Kounalakis, a sponsor of the bill, served as ambassador to Hungary under Obama from 2010 to 2013.

“My time spent in Budapest as US Ambassador, where nearly half a million Jews were mercilessly killed and their property stolen, was a lesson in Holocaust history,” she said. “The decades-long effort to return confiscated property to Jewish families is morally courageous.”

David Cassirer, the only surviving member of his family, said that his father, Claude Cassirer, “would have been terribly disappointed” in the Ninth Circuit ruling, but that he would be “so happy and grateful” that the Legislature is taking steps to make sure looted art gets returned to its rightful owners.

The bill is currently before the Assembly Judiciary Committee, which will hear the bill later this spring.

QUOTE OF THE DAY

“Living wages and worker safety should be a priority for corporate fast-food companies.
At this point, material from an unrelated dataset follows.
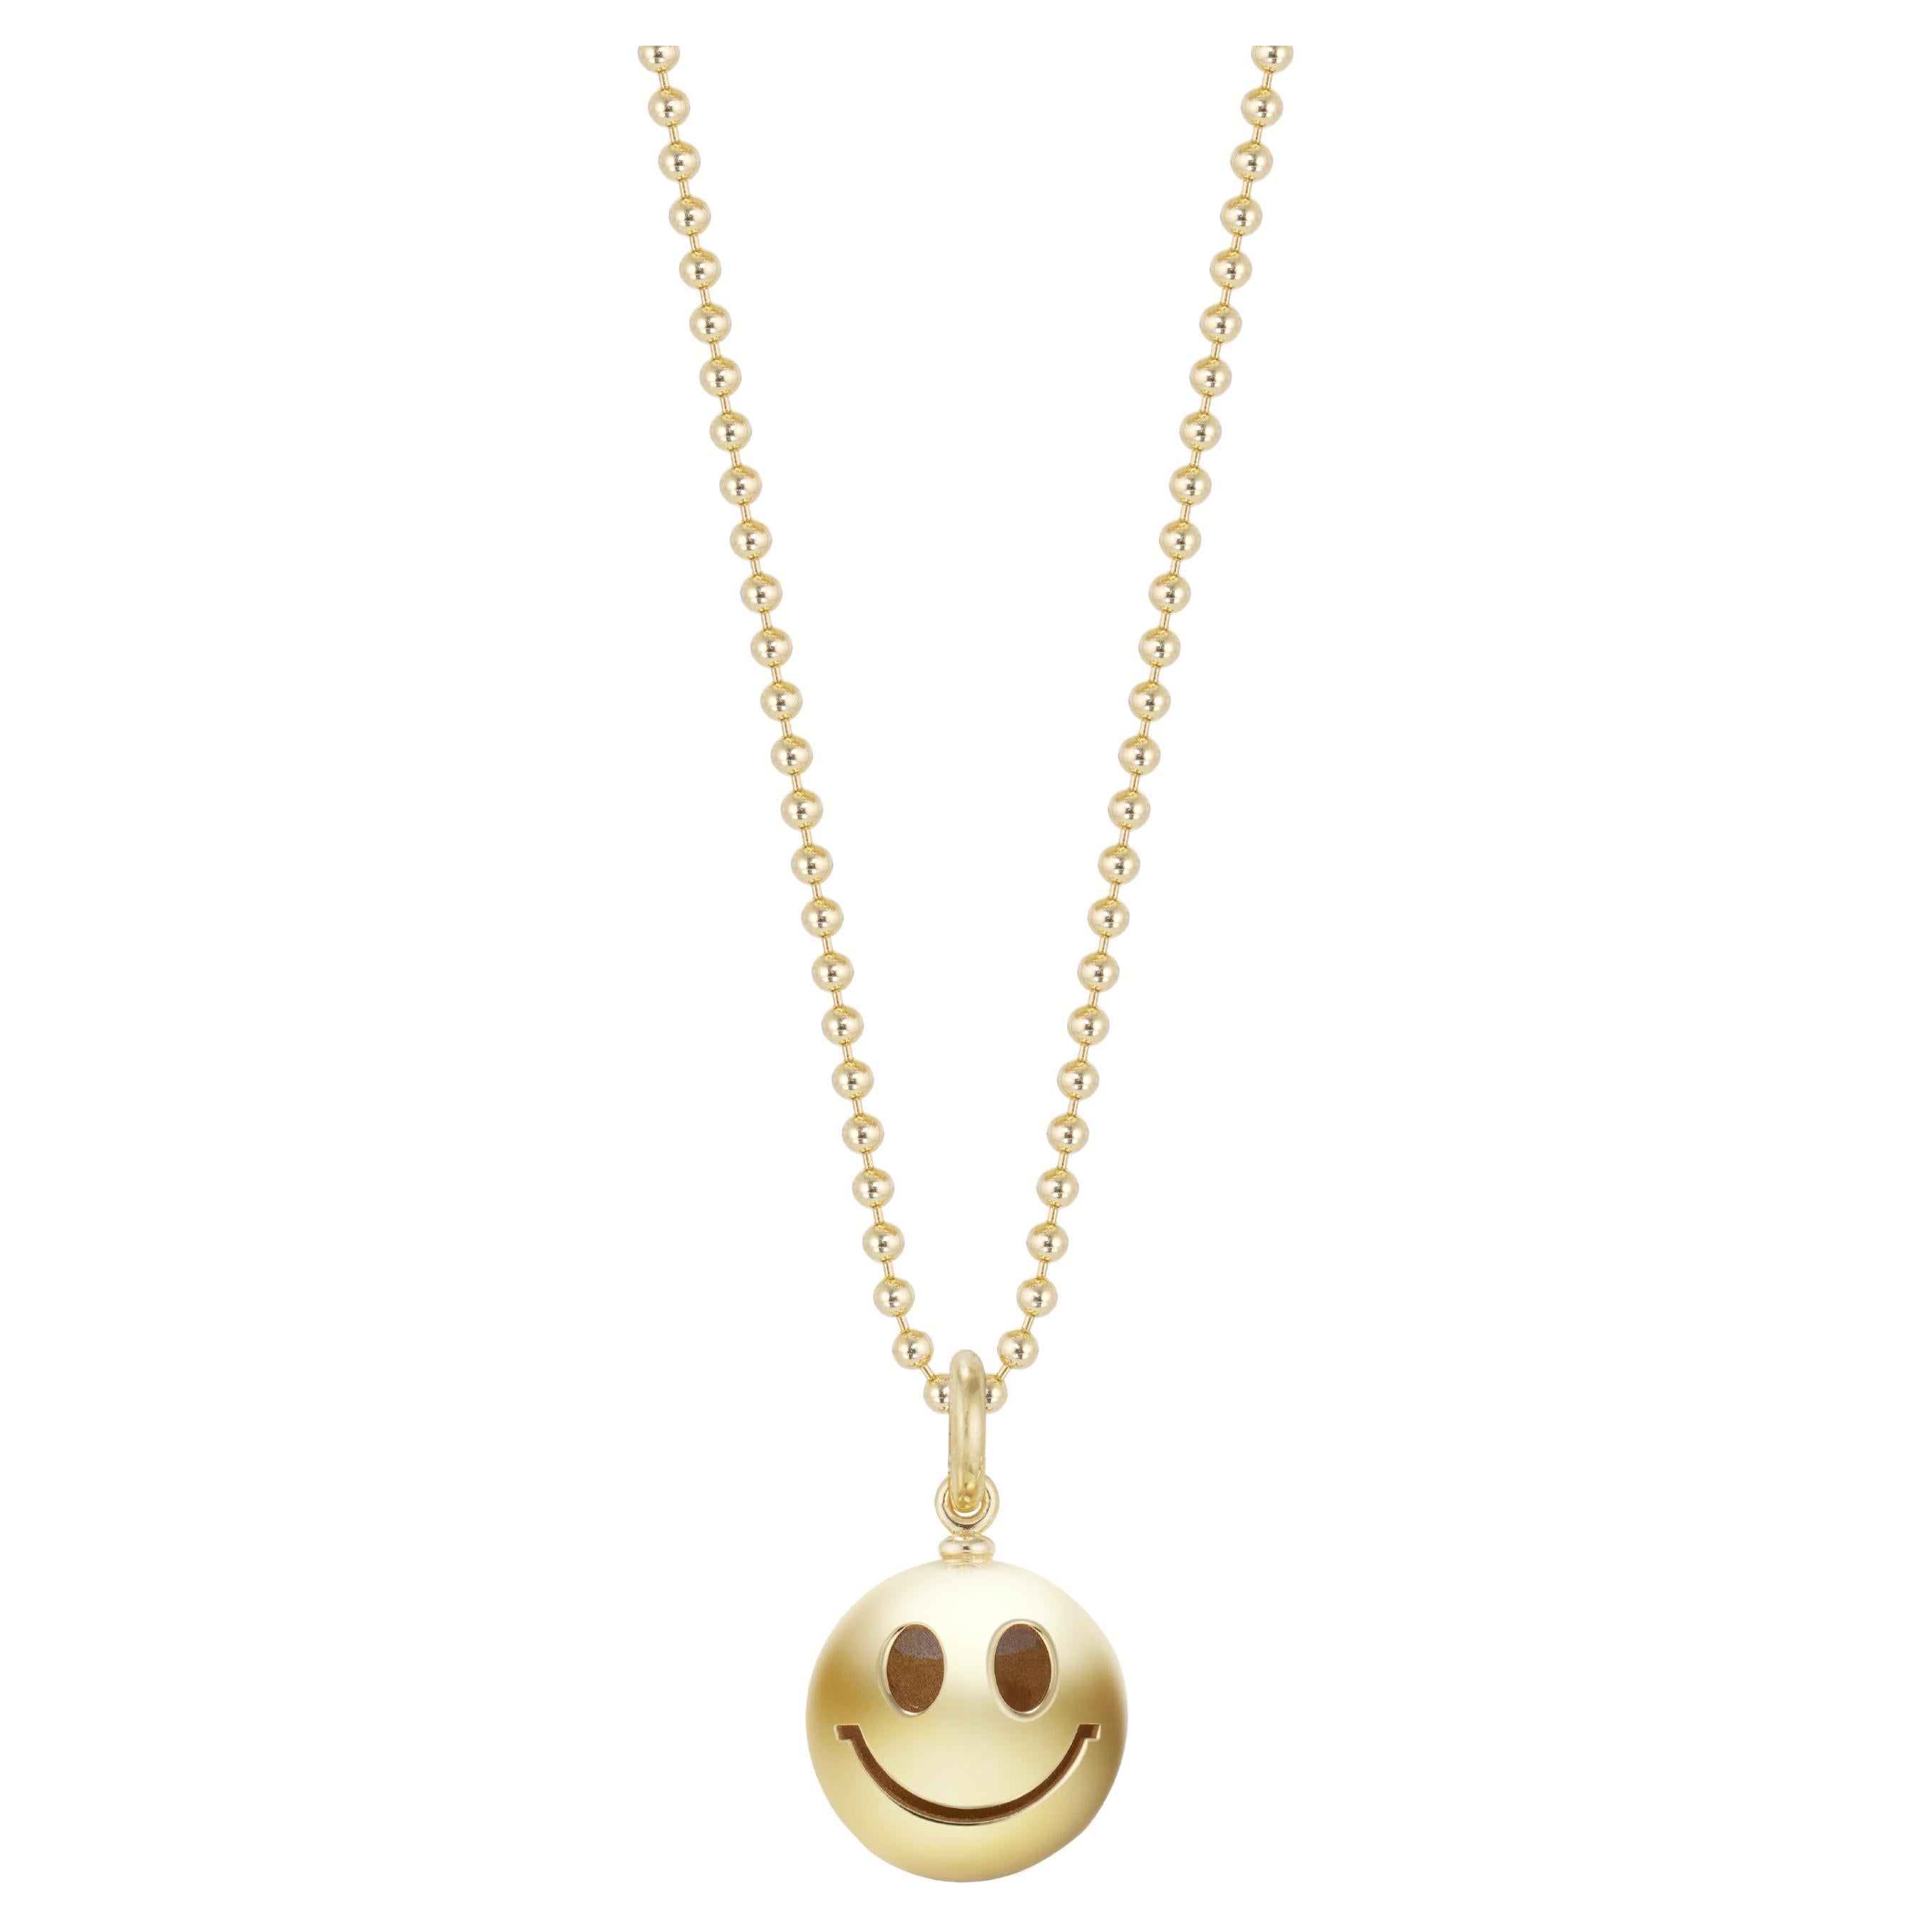 Zoma Design Mini 14 Carat Yellow Gold Smiley Face Pendant Necklace For Sale
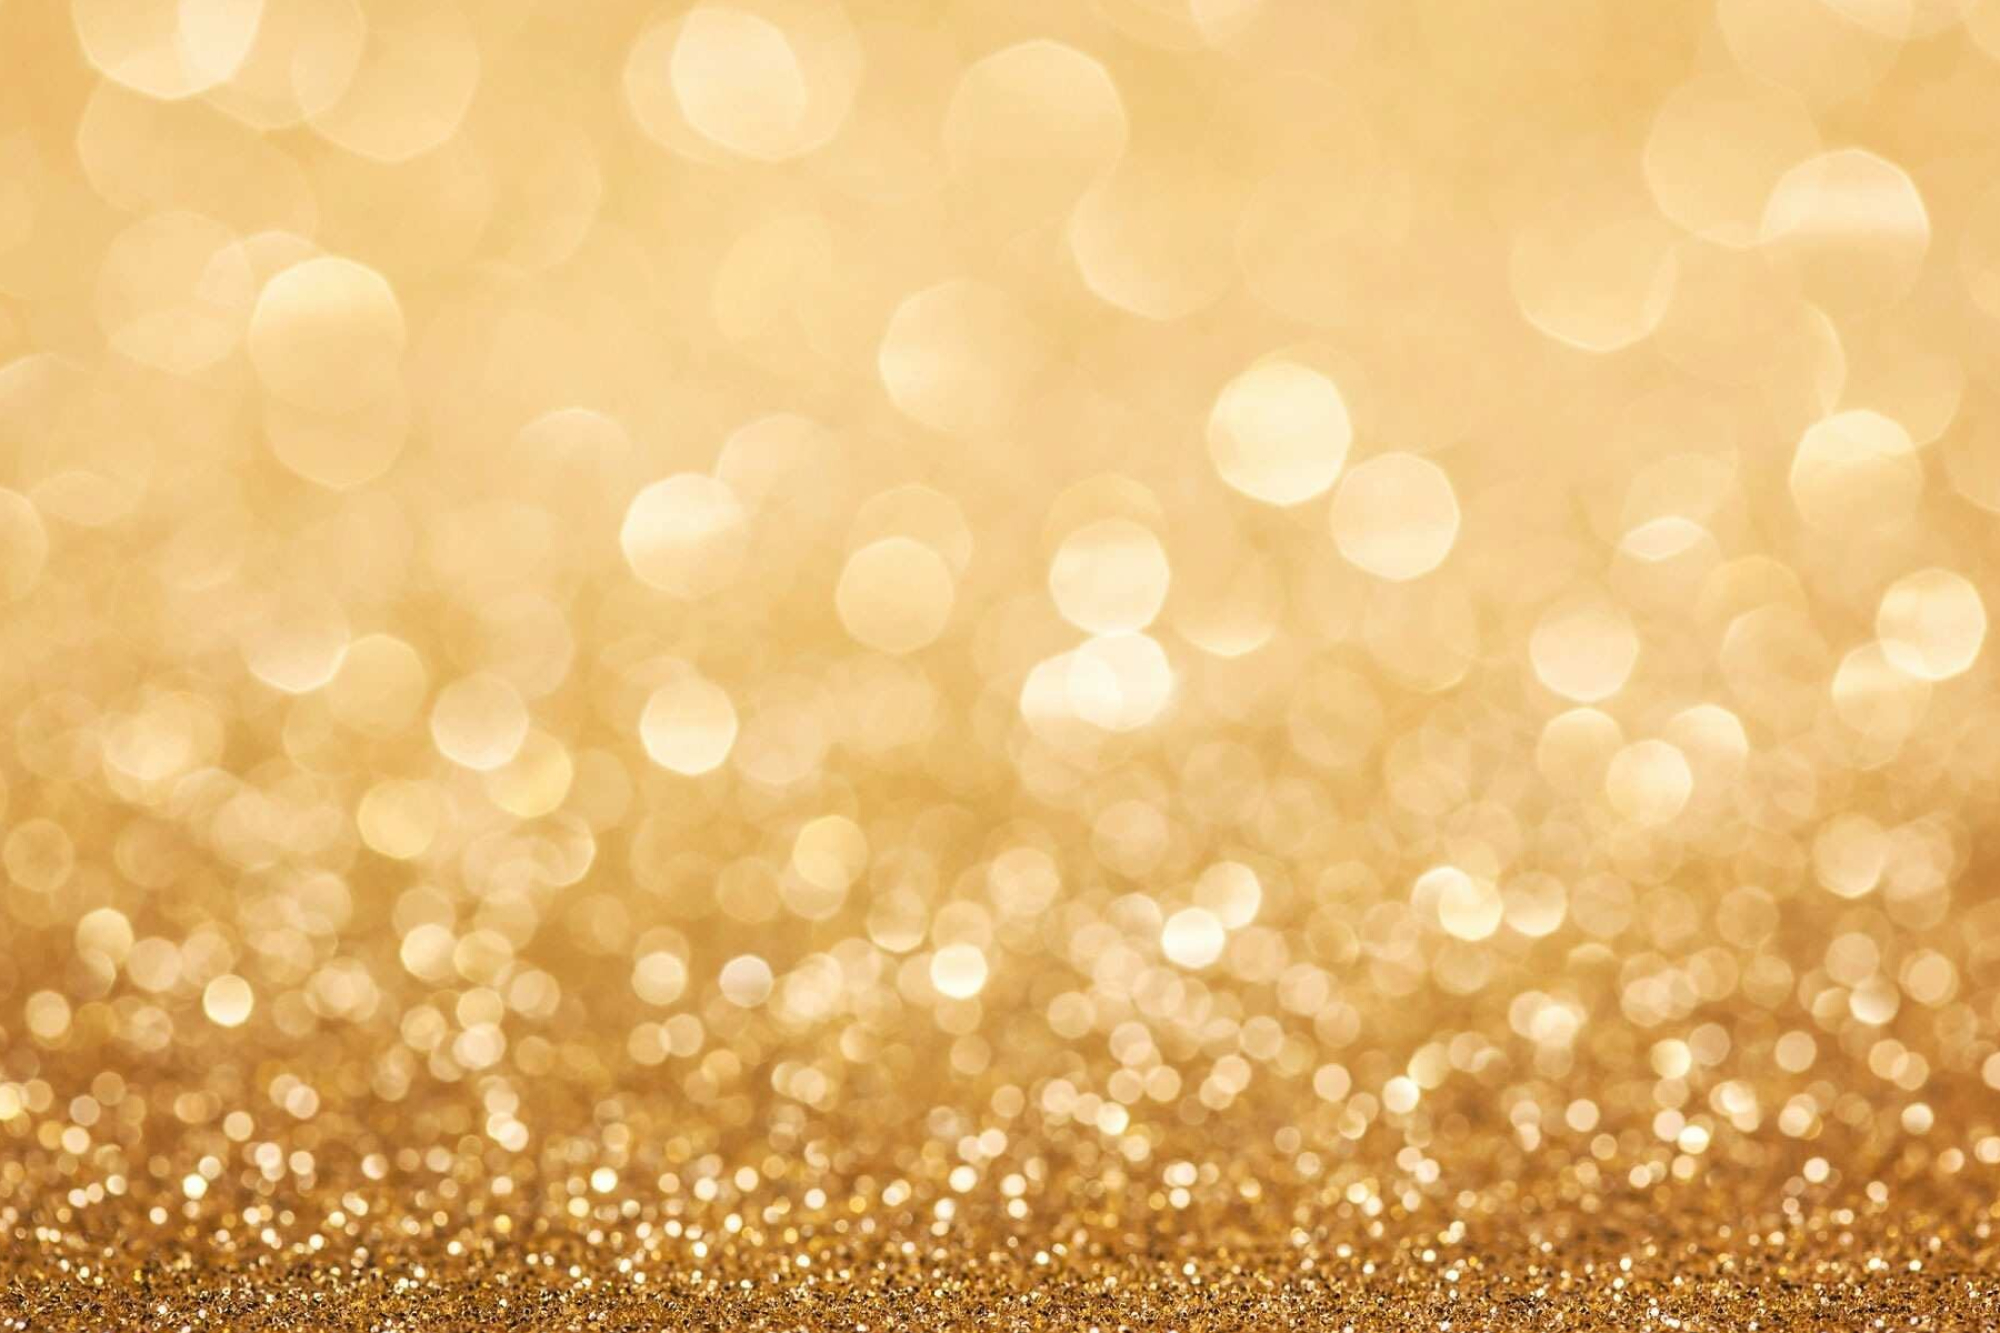 Gold Sparkle: Gold glitter powder, The flashy, sparkling tiny particles, Light-reflecting decorative material. 2000x1340 HD Wallpaper.

The vast majority of fast-food locations in California operate under the most profitable brands in the world. Those corporations need to pay their fair share and provide their operators with the resources they need to pay their workers a living wage without cutting jobs or passing the cost to consumers.”

- SEIU Executive Vice President Joseph Bryant in a statement. Monday marks the beginning of the $20 an hour minimum wage for many fast food workers in the state.